Healthy Ways to Add Variety to Your Salad

Salad does not have to be just iceberg lettuce from a bag with a few shredded carrots adding minimal flavor and color.  Try mix and matching some of these items and before you know it you may find yourself enjoying vegetables.

Yes, you read that right, you may find yourself ENJOYING a salad.

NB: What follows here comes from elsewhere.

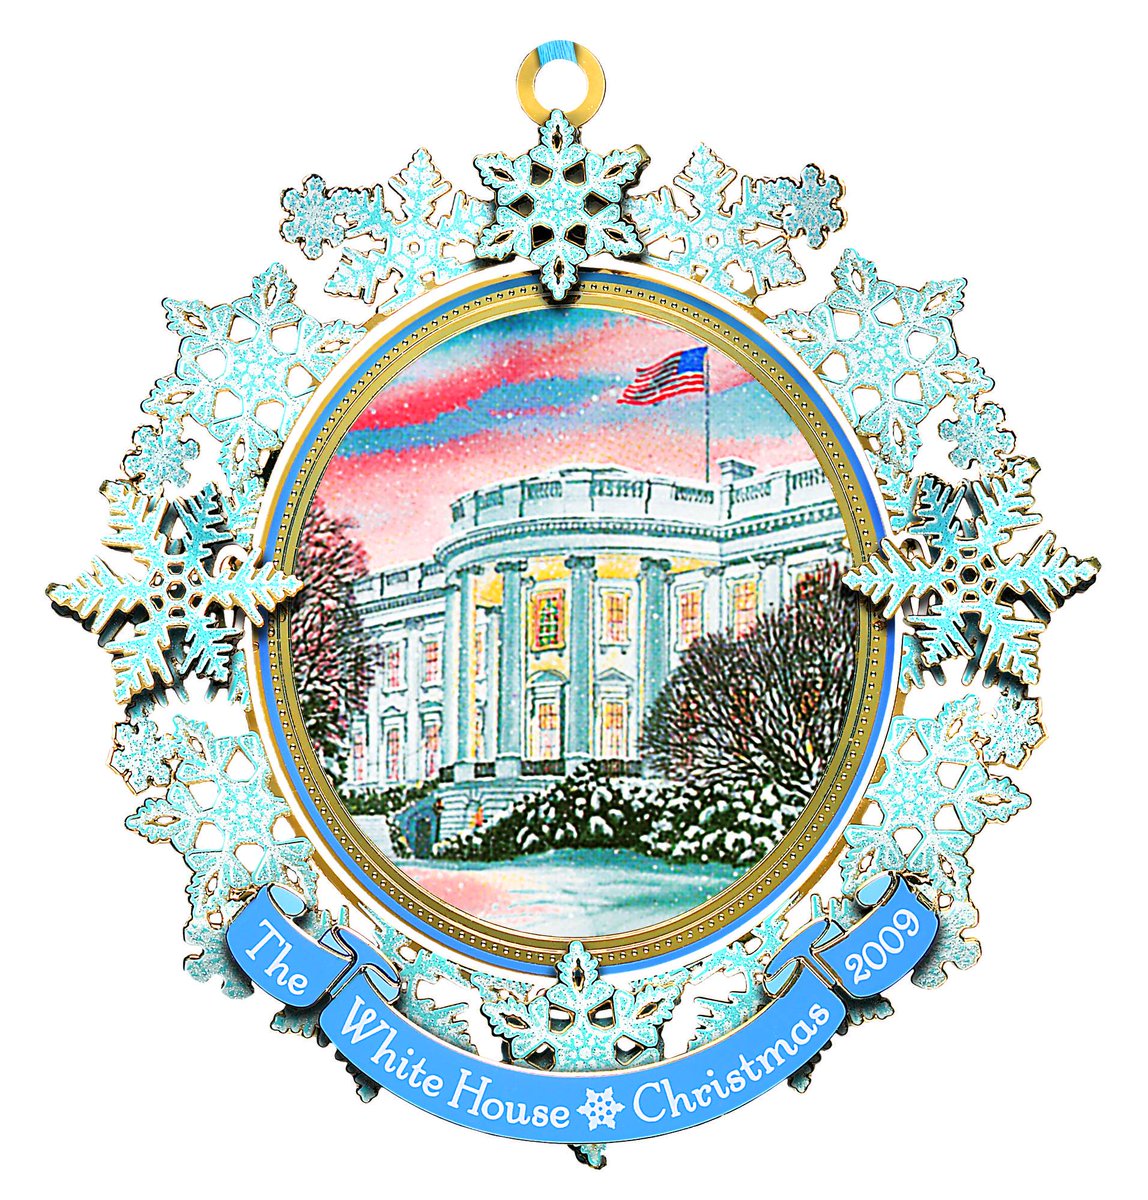 The 2009 ornament honors the only president to serve two non-consecutive terms, Grover Cleveland. This is the second Cleveland ornament, commemorating the 24th presidency from 1893-97.Buy one...or two non-consecutively:  https://shop.whitehousehistory.org/holidays/ornaments/2009-white-house-christmas-ornament-electric-lights-honoring-grover-cleveland-24th-president-of-the-united-states-1893-1897
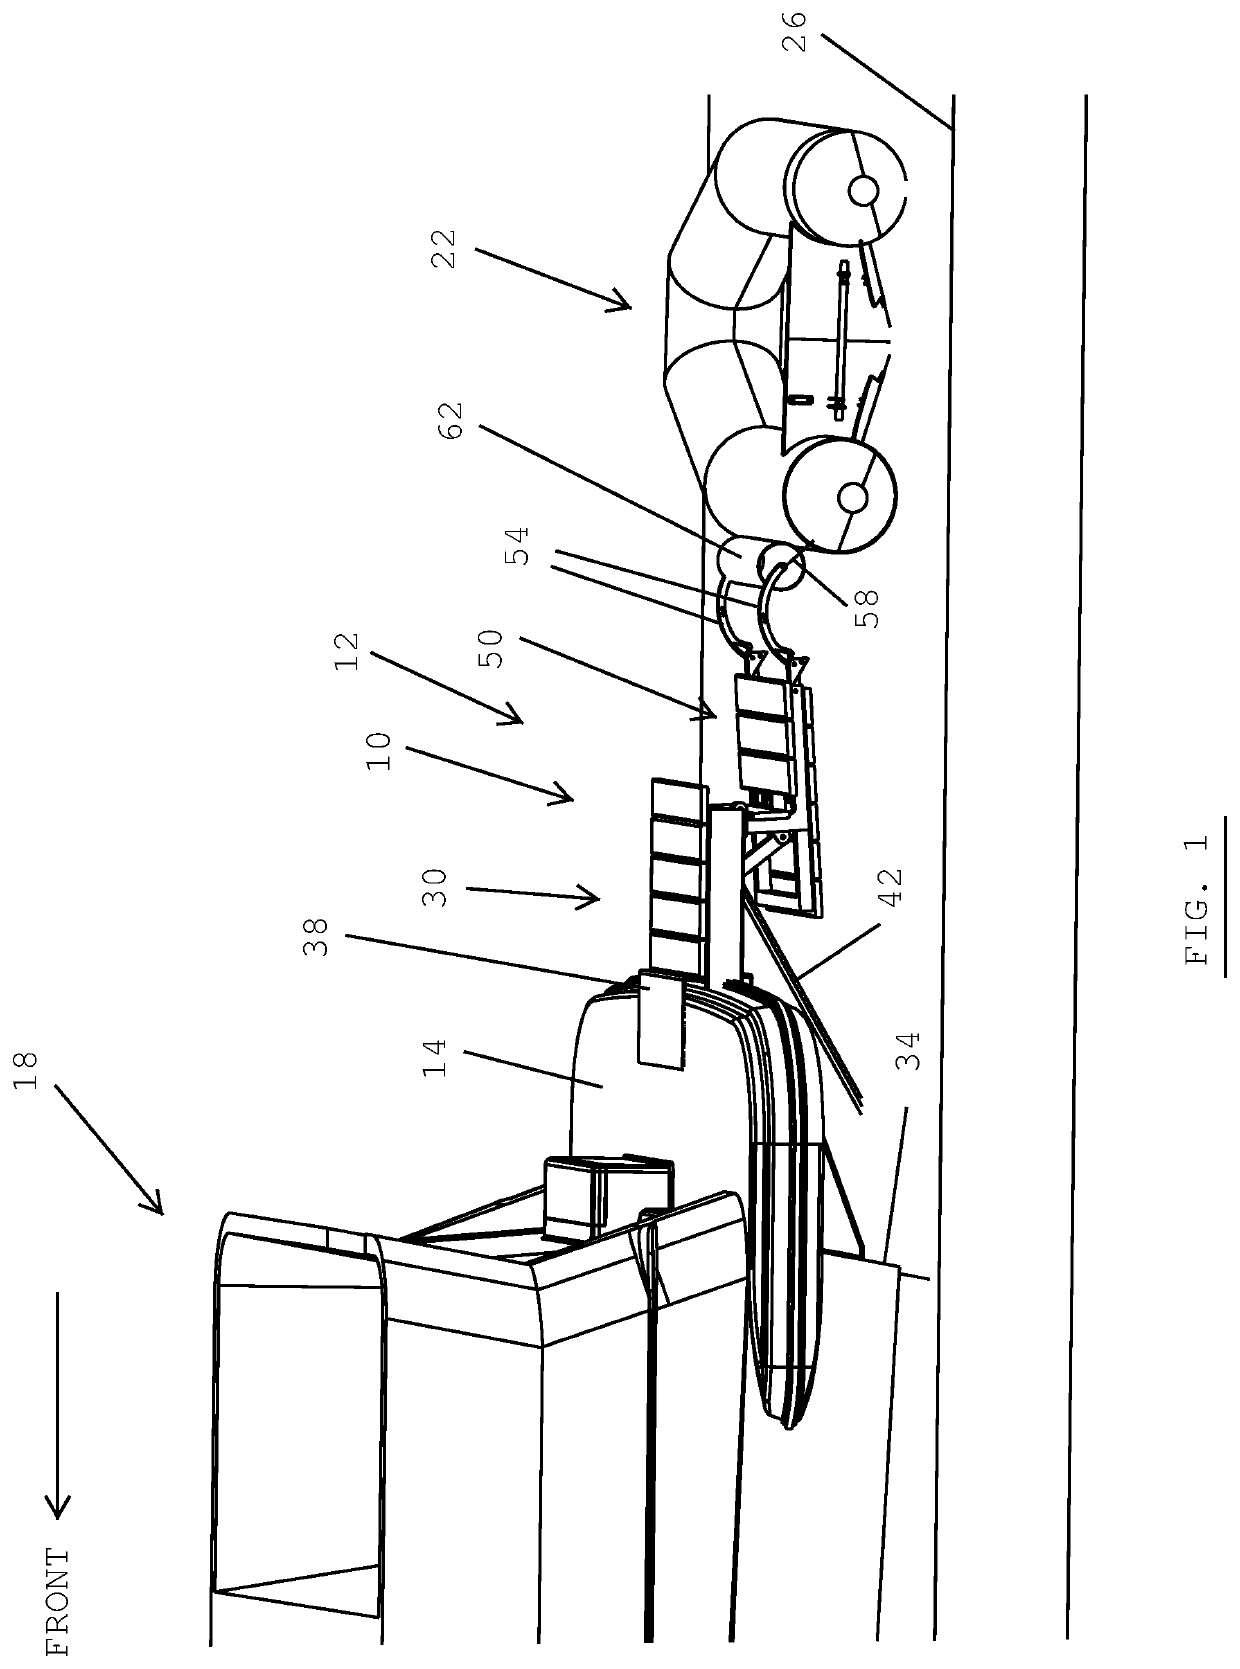 Watercraft boarding mechanism and method of use thereof

The 2010 Dietary Guidelines recommend 4½ cups (9 servings) of fruits and vegetables for a 2,000-calorie diet. So why not make a salad to help meet this recommendation? Here are a few tips to make a salad that will appeal to even the pickiest eater: 



  • Make it colorful! Skip the iceberg and opt for spinach or another dark leafy green. Dark leafy greens supply a tremendous amount of nutrients including vitamin A, vitamin C, vitamin K, iron, calcium, fiber and many others. Add in some carrots, red bell peppers, tomatoes, blanched asparagus, beets or any other vegetable to add color and you get additional nutrients critical for maintaining eyesight, bone health and digestive health.
     
  • mixed greens with berries, mandarin oranges, walnuts and yogurt berry dressingSalad isn’t just for vegetables anymore! Many restaurants are now shaking salads up by adding a variety of fruit to the mix, so why not make your own creation? Try adding in apples, citrus segments, grapes, strawberries or blueberries to your plate of colorful vegetables. Just like many vegetables, fruits contain antioxidants which can help protect against certain forms of cancer as well as reduce levels of LDL or bad cholesterol. Try to avoid or limit the amount of dried fruits you add to your salad, such as dried cranberries or blueberries. These often have added sugars that can up the calorie content of your meal.
     
  • Go a little nutty! Walnuts are a great addition to any salad. These heart-healthy nuts contain the most omega-3 fatty acids of all the nuts. Omega-3 fatty acids can improve cardiovascular health and improve cognitive function. To add a bit more flavor, toast the walnuts in a dry pan or in the oven until you can just start to smell them. If you aren't a walnut fan, add in some almonds, but remember to limit the amount you use. Almonds are a healthy nut to choose, but are also very high in calories.
     
  • Add some protein! Protein takes longer to digest, so it keeps us full longer. Protein is also needed for healthy muscles. Eggs, lean meat, beans, nuts, and cheese (in limited quantities) are easy ways to add protein.
     
  • Find a healthier dressing that works for you! There is now quite a variety of light dressings and vinaigrette to choose from. Vinegar-based dressings typically have less fat and calories than creamy dressings. Oil and vinegar is a healthy choice – the healthy fat from the oil helps your body to absorb some of the vitamins from the salad – but you should still limit the amount you use.
    • You can easily make your own salad dressing by using 2 parts olive oil to 1 part acid (balsamic vinegar, red wine vinegar, cider vinegar, lemon juice, or a combination). Add seasonings that you enjoy (oregano, basil, pepper, garlic). To make the dressing thicker, you can add a small amount of Dijon mustard or plain Greek yogurt. Experiment with the amounts until you find a combination that you enjoy.


Legumes:
Spinich
Black lettuce
Green Lettuce
Kale (mix with another legume for optimal flavor)


Vegetables:
Tomatoes
Cucumbers
Bell Peppers
Mushrooms
Carrots
Blanched Asparagus
Beets
Banana Peppers

Other:
Dried Cranberries!
Feta
Chia Seeds
Sunflower Seeds
Blueberries
Strawberries
Mandarin Oranges

Protein:
Chicken
Turkey
Beans (choose your favorite)
Cottage cheese (high in protein, low in carbs)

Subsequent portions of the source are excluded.